The progress made in AI, namely in the fields of machine learning (ML) and deep learning (DL), has greatly contributed to the creation of new and inventive methods for diagnosing microbial infections [3,4]. These technologies allow for the quick analysis of various datasets that include genetic sequences, microbiological phenotypes, and clinical metadata. This makes it easier to identify subtle patterns and connections that may go unnoticed by humans. Through the utilization of AI, healthcare practitioners can accelerate the process of diagnosing medical conditions, resulting in prompt interventions and enhanced patient outcomes. AI-driven algorithms swiftly analyze extensive datasets, facilitating the rapid detection of infections and improved treatment strategies [5].

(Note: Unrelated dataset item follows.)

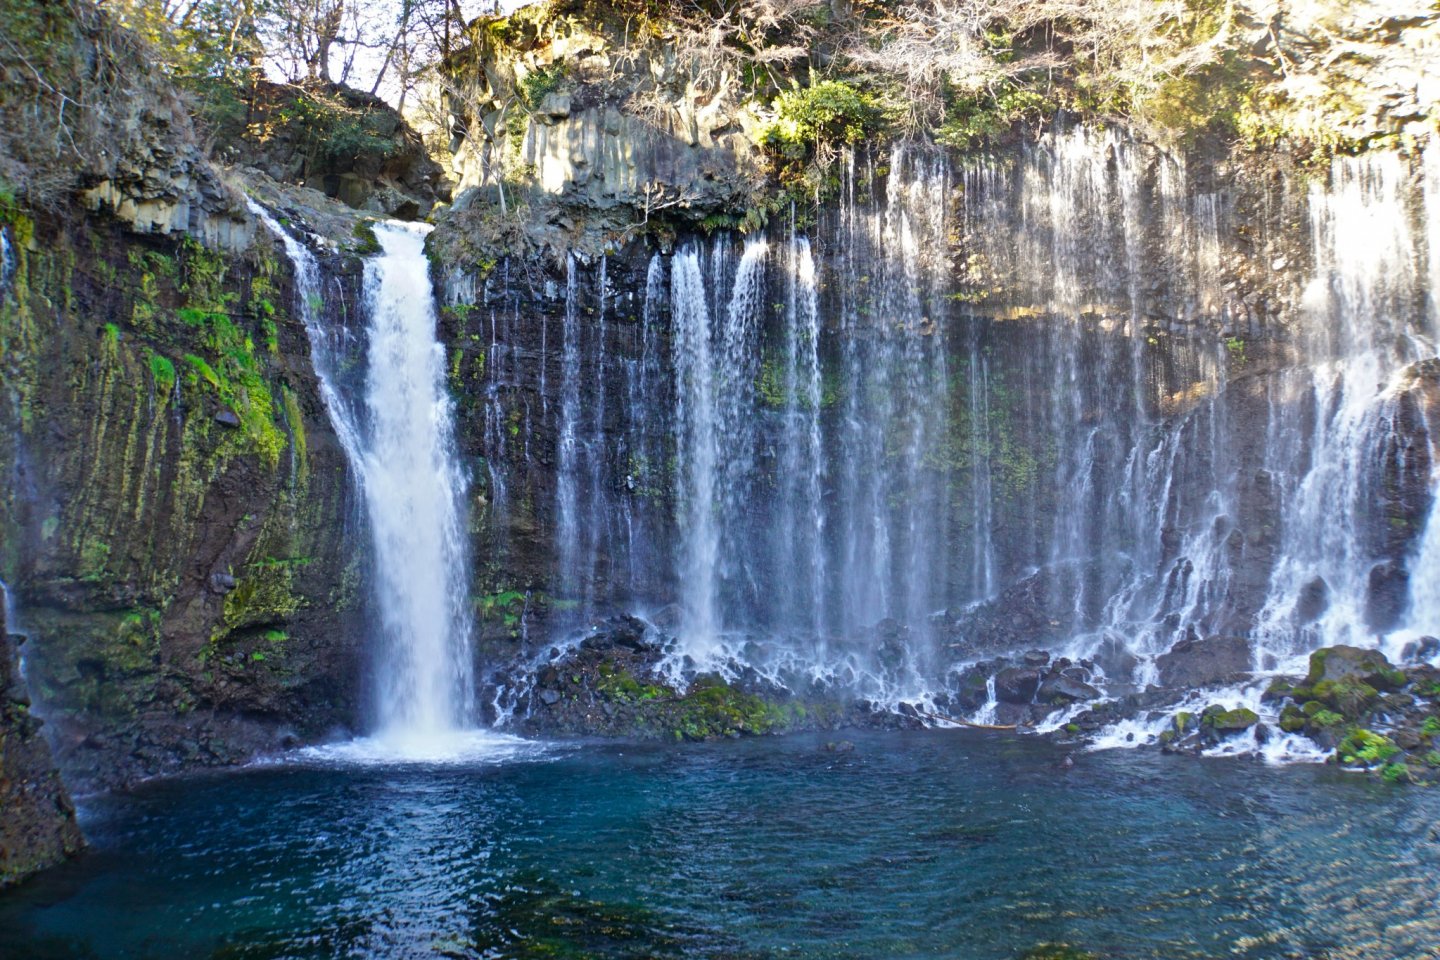 Shiraito no Taki, a curtain of threadlike waterfalls

Furthermore, the use of AI in microbiological diagnosis has significant potential for personalized medicine, enabling customized treatment approaches based on unique patient profiles. AI utilizes data analysis, pattern recognition, and diagnostic processes to enable early disease identification, advancements in treatment, individualized treatment plans, and epidemic surveillance [5]. This shift in paradigm not only improves the effectiveness of antimicrobial treatments but also tackles the growing problem of antimicrobial resistance (AMR), which is a crucial concern in modern healthcare [6].

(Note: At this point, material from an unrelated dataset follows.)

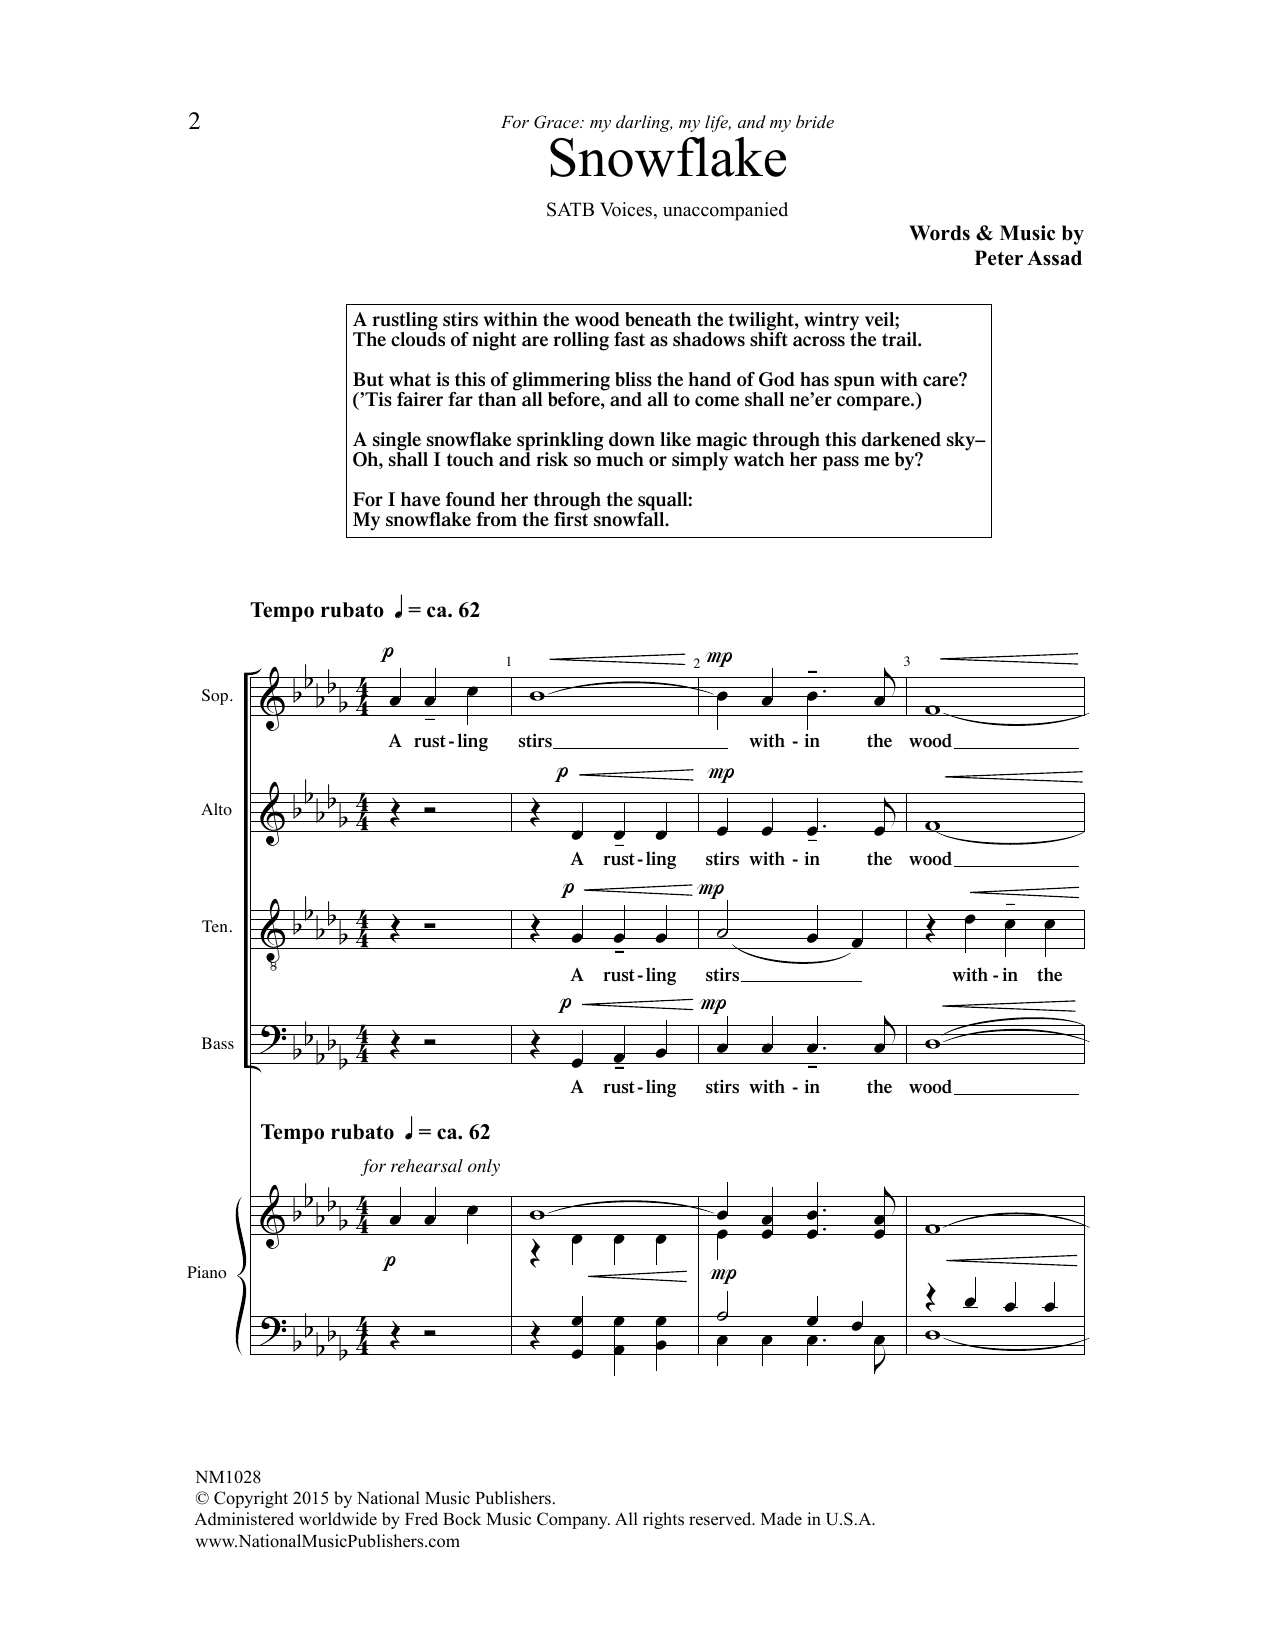 Peter Assad Snowflake Sheet Music Notes & Chords for SATB Choir - Download or Print PDF

This review examines the growing influence of AI on the diagnosis of microbial infections. It explores the various ways AI is being used, the advantages it offers, and the difficulties it presents, all within the framework of the most recent research and technological progress. The latest research and advancements available in AI-driven diagnostics are used to provide a detailed understanding of how AI is changing the field of microbial diagnosis and creating new methods for fighting infectious diseases.

1.1. AI and Machine Learning in Human Health

AI holds the capacity to provide accurate, personalized diagnoses while ensuring the protection of patient rights and enhancing accessibility to medical devices [7,8]. AI, exemplified by ChatGPT, is becoming increasingly pervasive in everyday life, with over 100 million active users [9]. Laymen can now interact with powerful AI tools without prior technical knowledge, and 80% of Fortune 500 companies have integrated ChatGPT into their operations [10,11]. Next-generation AI and ML models allow for the exploration of disease-related datasets, uncovering hidden patterns, including critical regions within multi-omics sequencing data. ML involves fitting mathematical models to data to reveal relational patterns, providing insights into complex biological systems underlying various diseases [12]. It encompasses supervised learning, using labeled data for training, and unsupervised learning, uncovering intrinsic patterns in unlabeled data through clustering.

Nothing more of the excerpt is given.